How can I show the function below is bounded (In particular, less or equal than $\frac{1}{2}$)?

Question

$$f: \mathbb R \rightarrow \mathbb R \quad with \quad f(\theta) =\begin{cases} \frac{1}{\theta^2}log\left\{ \frac{e^{\theta} + e^{-\theta}}{2} \right\}, \theta \neq 0 \\ 1/2, \theta = 0 \end{cases}.$$

My attempts:

1rst: I tried to proove f is differentiable at $x=0,$ but the computations grew really fast. My plan was to show the derivative at zero is zero;

2nd: I differentiate $f$ for $\theta \neq 0.$ I was looking forward proving it is decreasing for $\theta > 0$ and increasing for $\theta < 0.$ But I couldn't deal with the inequalities that emerged;

3rd: I tried to use a reductio ad absurdum argument, but I couldn't conclude the absurd I was searching for;

4th: since a injective continuous function must be monotone, I came up with the idea of proving $f$ is injective in $(0, \infty)$ and $(-\infty,0).$ But the expressions wered really tough to struggle with.

Answer 1

Hint:

(written before the question was modified to explicitly ask for a proof that the upper bound of $f$ is $\frac{1}{2}$)
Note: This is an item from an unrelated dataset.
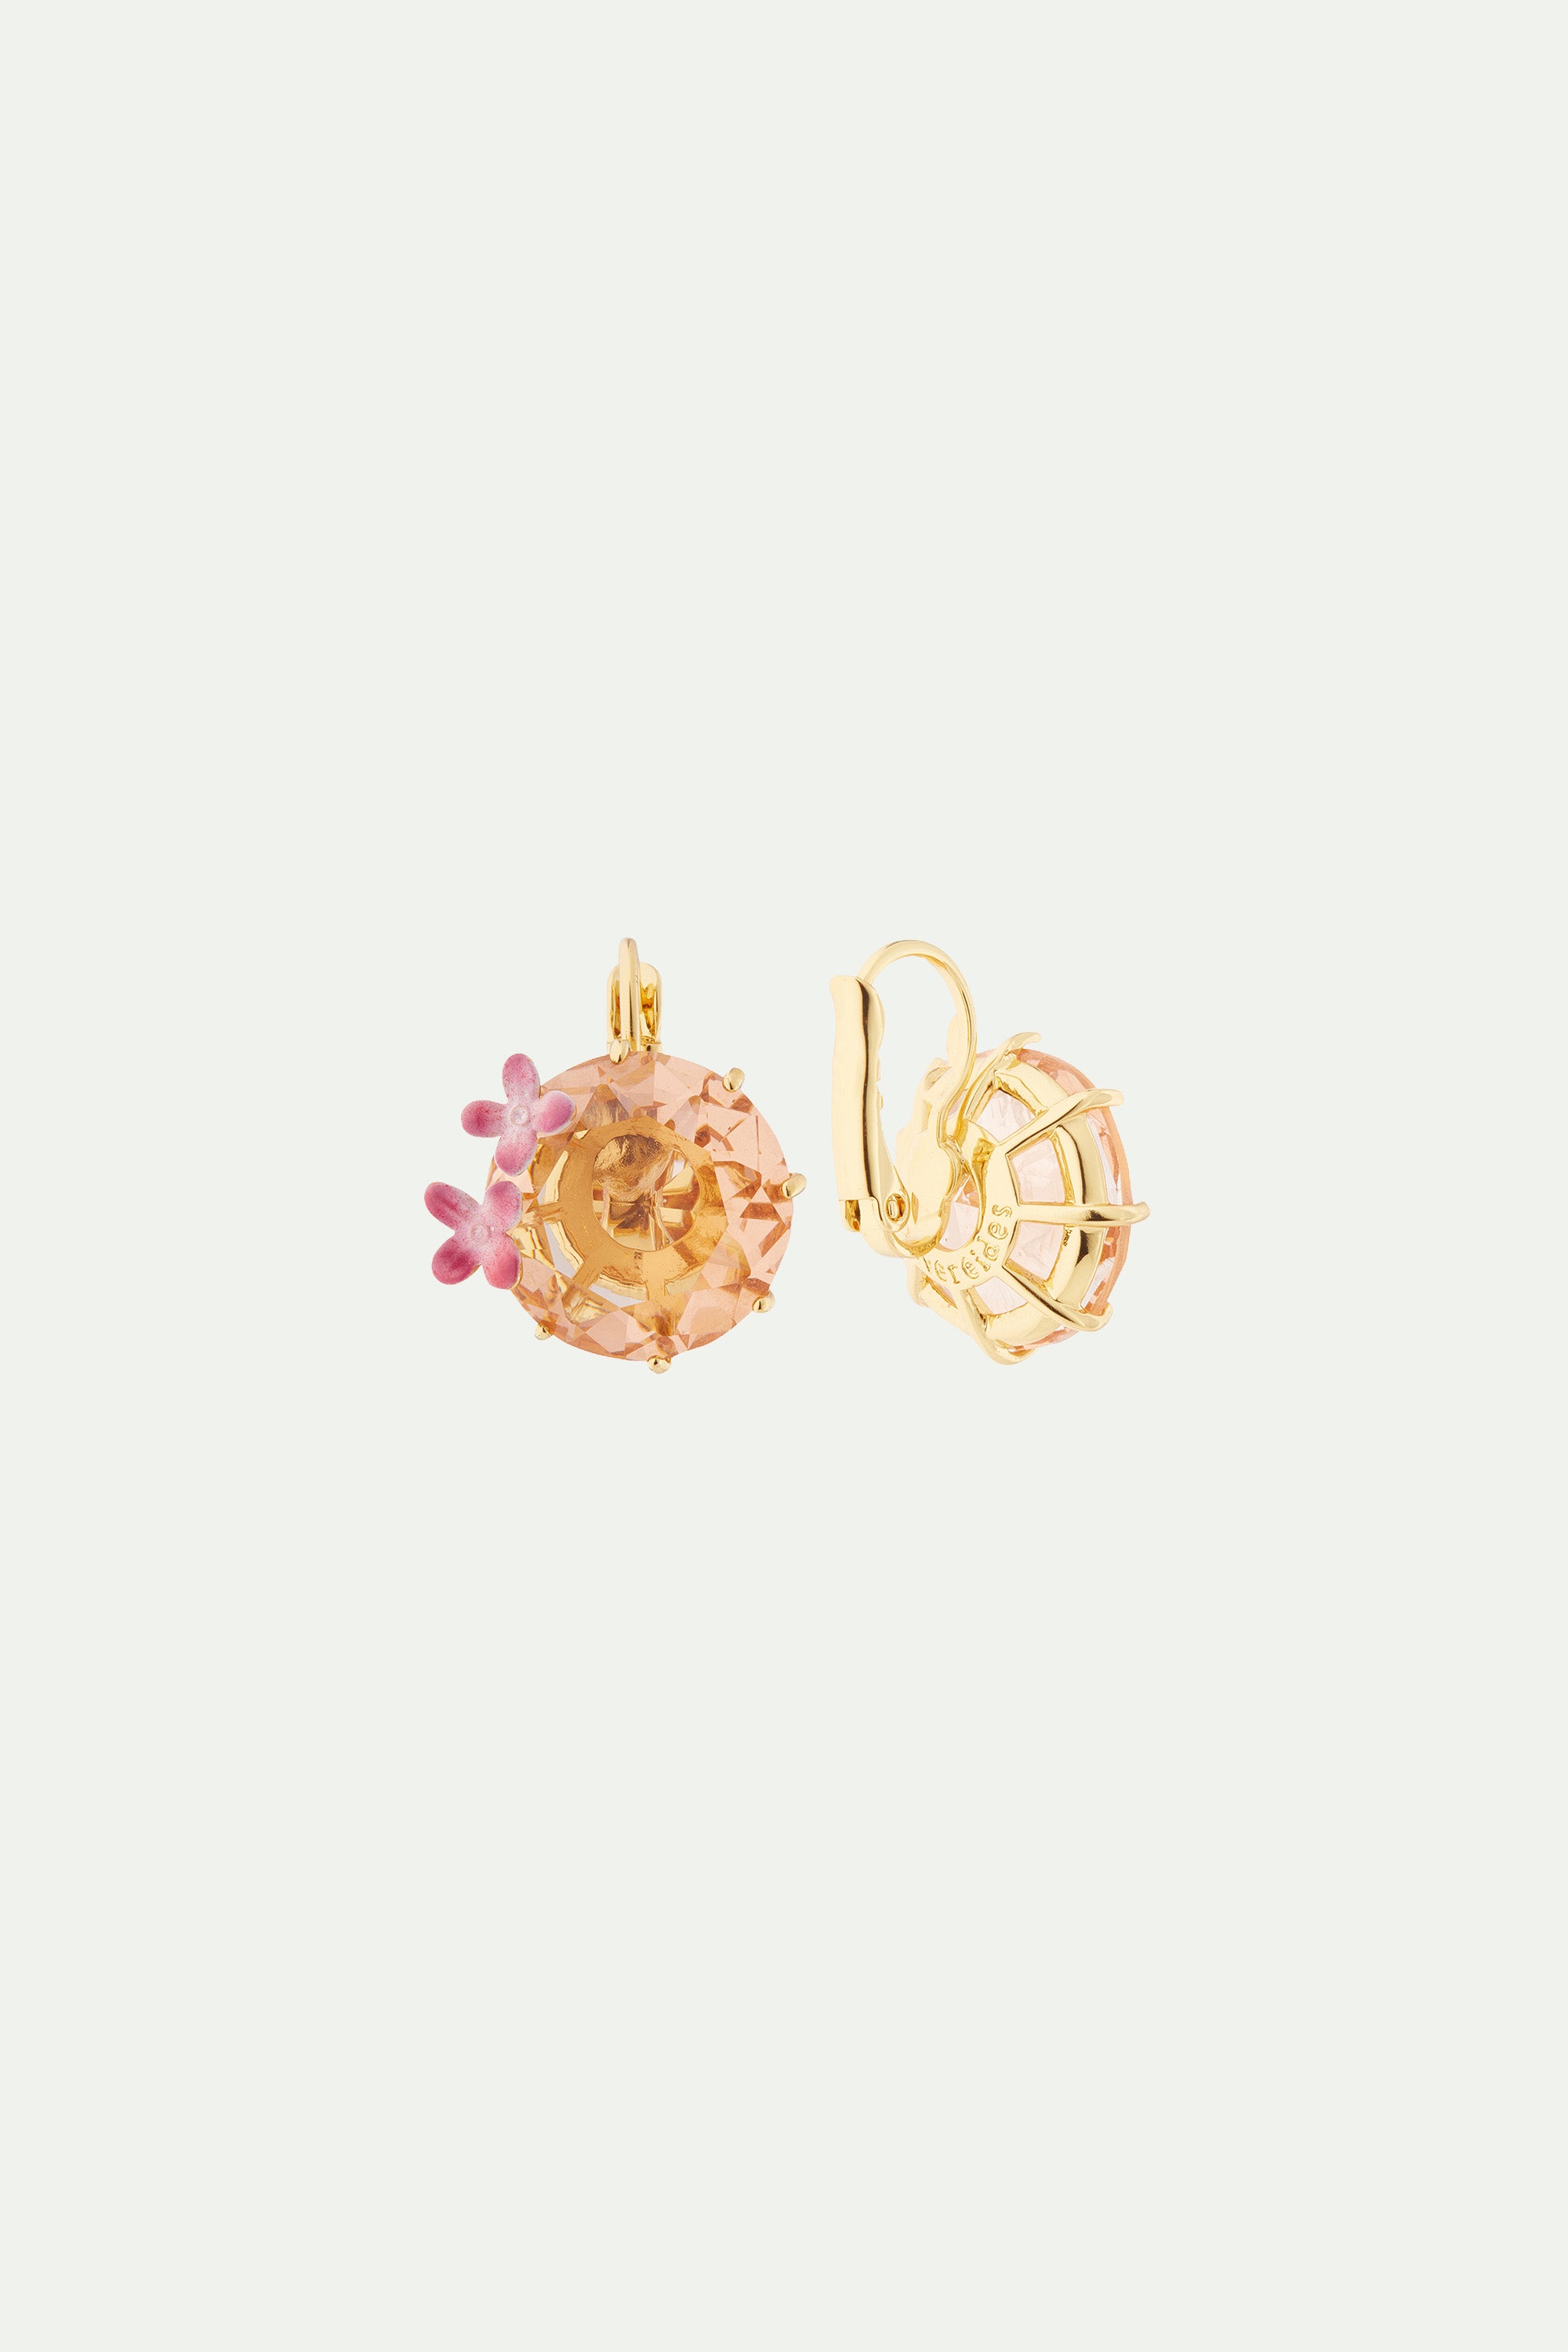 Apricot pink diamantine flower and round stone sleeper earrings

• Show that, for $\theta\ge 1$, we have $0\le f(\theta)\le \frac{1}{\theta^2}\log e^\theta=\frac{1}{\theta}\le 1$.
• $f$ is an even function, so similarly, for $\theta \le -1$, we have $0\le f(\theta)\le 1$.
• Prove that $\lim_{\theta\to 0}f(\theta)=f(0)$, which means that $f$ is continuous in $\theta=0$. (For example, use L'Hospital's rule twice.) In other points $\theta\ne 0$ it is continuous as a composition of continuous functions. That will make $f$ continuous on the whole $\mathbb R$, and in particular on $[-1, 1]$. Due to the Extreme value theorem, it is then bounded on $[-1, 1]$.
• Being bounded on $(-\infty, -1]$, $[-1, 1]$, and $[1, +\infty)$, the function is bounded on the whole of $\mathbb R$.

Answer 2

Please see cosh x inequality for proofs that $\cosh x =\frac{e^x+e^{-x}}{2}\le e^\frac{x^2}{2}$. By taking $\log$ of both sides, and then dividing by $x^2$, we get: $\log\left\{\frac{e^x+e^{-x}}{2}\right\}\le \frac{x^2}{2}$, or $\frac{1}{x^2}\log\left\{\frac{e^x+e^{-x}}{2}\right\}\le\frac{1}{2}$ for every $x\in\mathbb R, x\ne 0$. The case $x=0$ is trivial.